_Extracted information_.

= = = = = = =

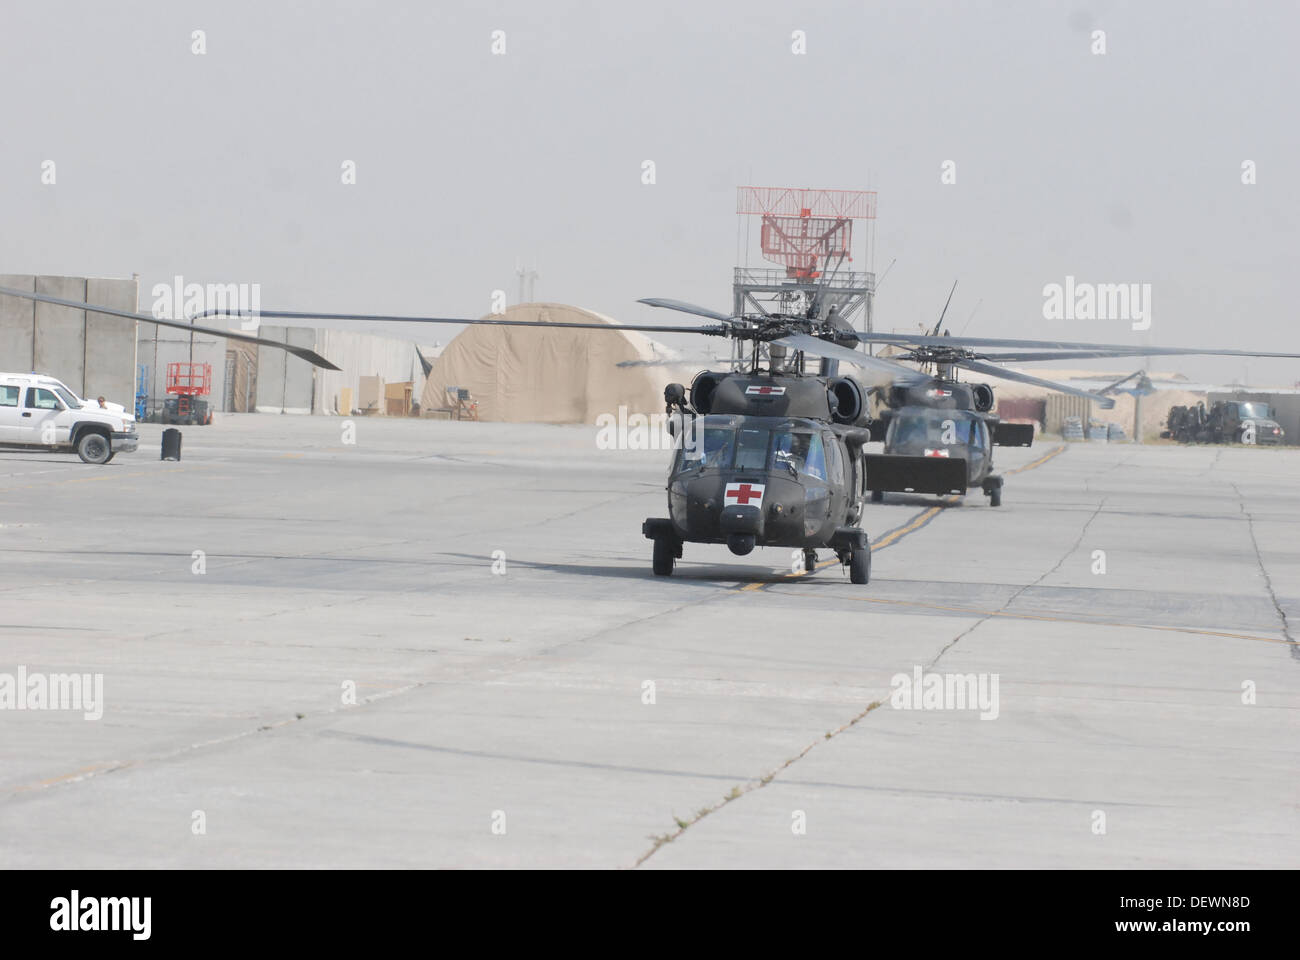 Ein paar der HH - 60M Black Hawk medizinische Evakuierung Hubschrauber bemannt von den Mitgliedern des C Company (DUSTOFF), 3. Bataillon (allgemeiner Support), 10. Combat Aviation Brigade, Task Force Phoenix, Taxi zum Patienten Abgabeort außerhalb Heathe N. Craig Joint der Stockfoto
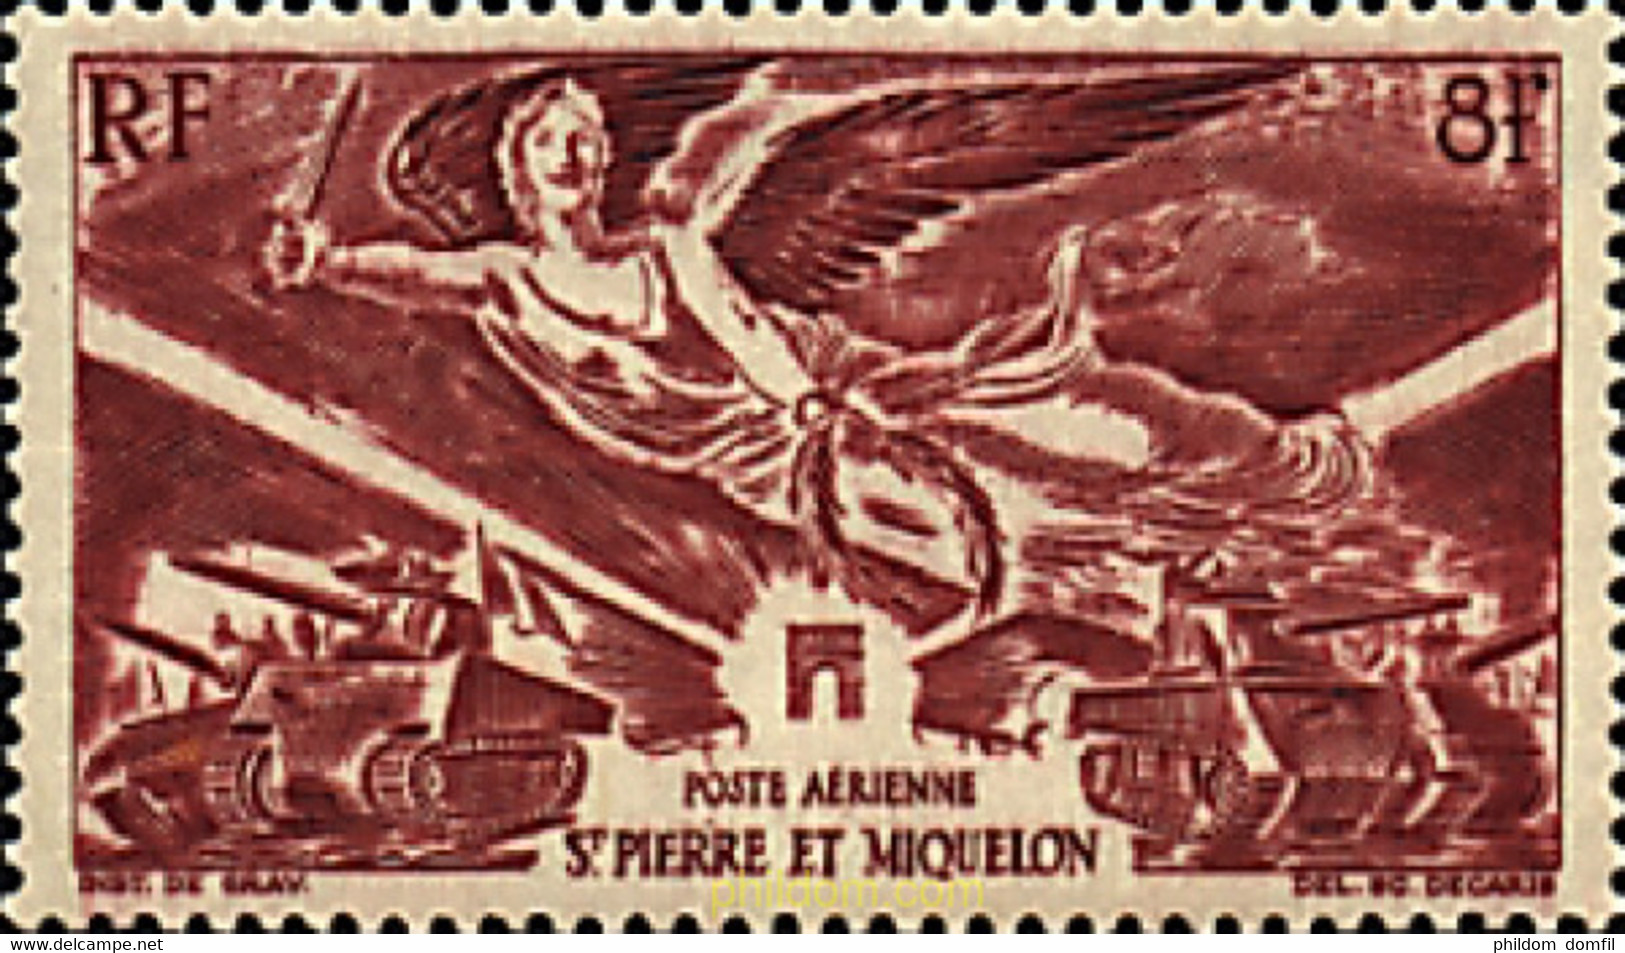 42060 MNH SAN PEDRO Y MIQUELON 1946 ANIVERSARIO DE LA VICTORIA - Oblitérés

= = = = = = =

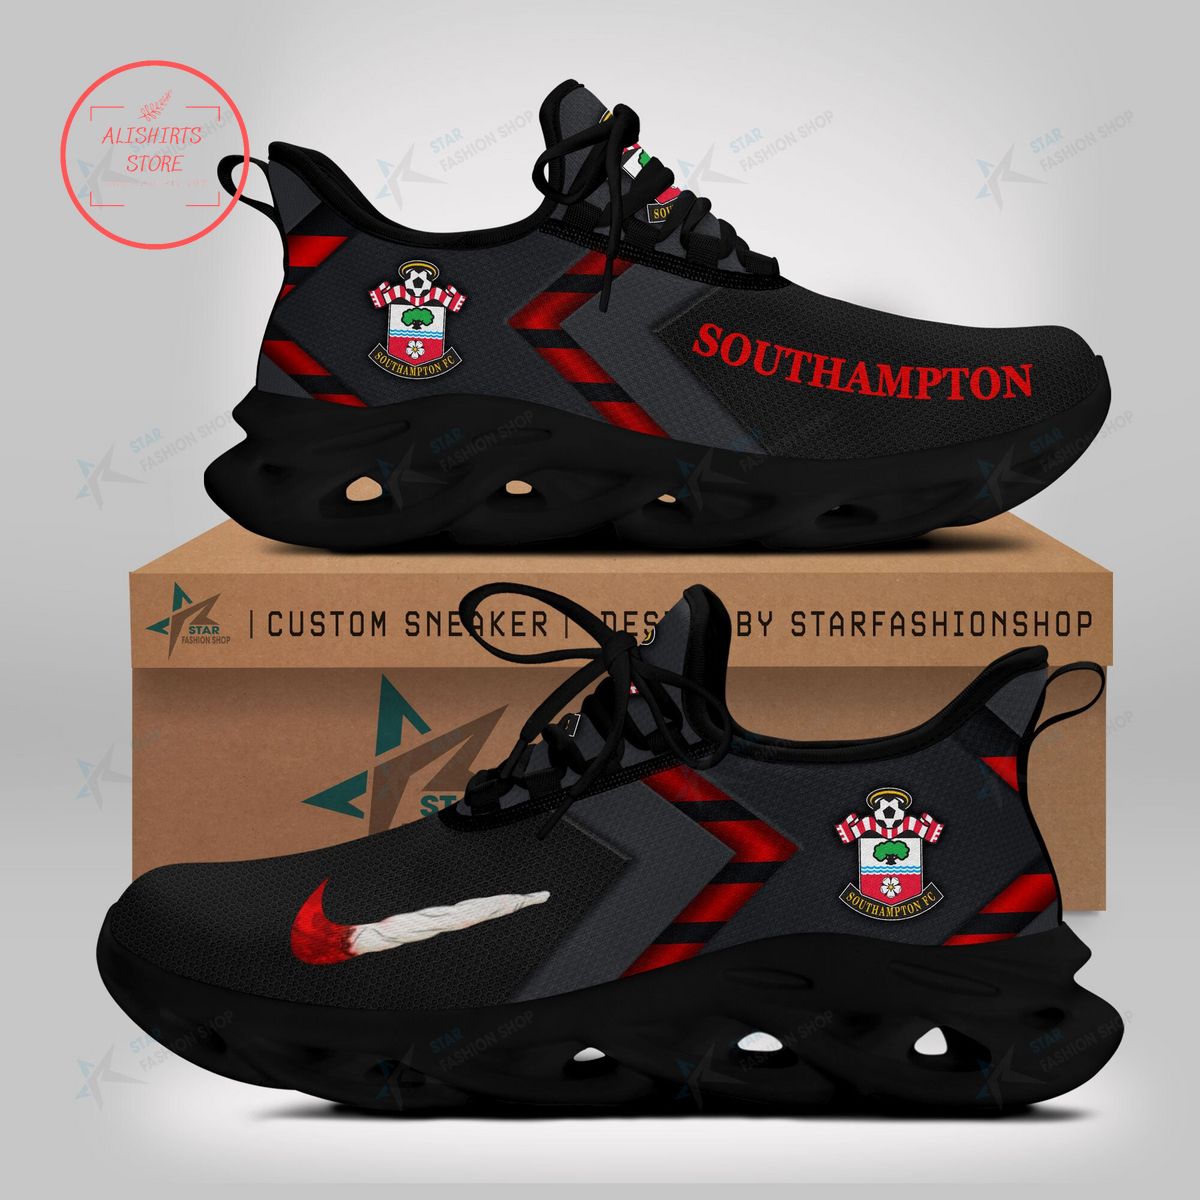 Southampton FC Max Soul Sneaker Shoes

= = = = = = =

_Task item_. Beginning at the line that has "Ein paar der" and ending at the line that has "42060 MNH SAN", restate the listing above word for word, pictures left out.

_Written answer_.
 Ein paar der HH - 60M Black Hawk medizinische Evakuierung Hubschrauber bemannt von den Mitgliedern des C Company (DUSTOFF), 3. Bataillon (allgemeiner Support), 10. Combat Aviation Brigade, Task Force Phoenix, Taxi zum Patienten Abgabeort außerhalb Heathe N. Craig Joint der Stockfoto
 42060 MNH SAN PEDRO Y MIQUELON 1946 ANIVERSARIO DE LA VICTORIA - Oblitérés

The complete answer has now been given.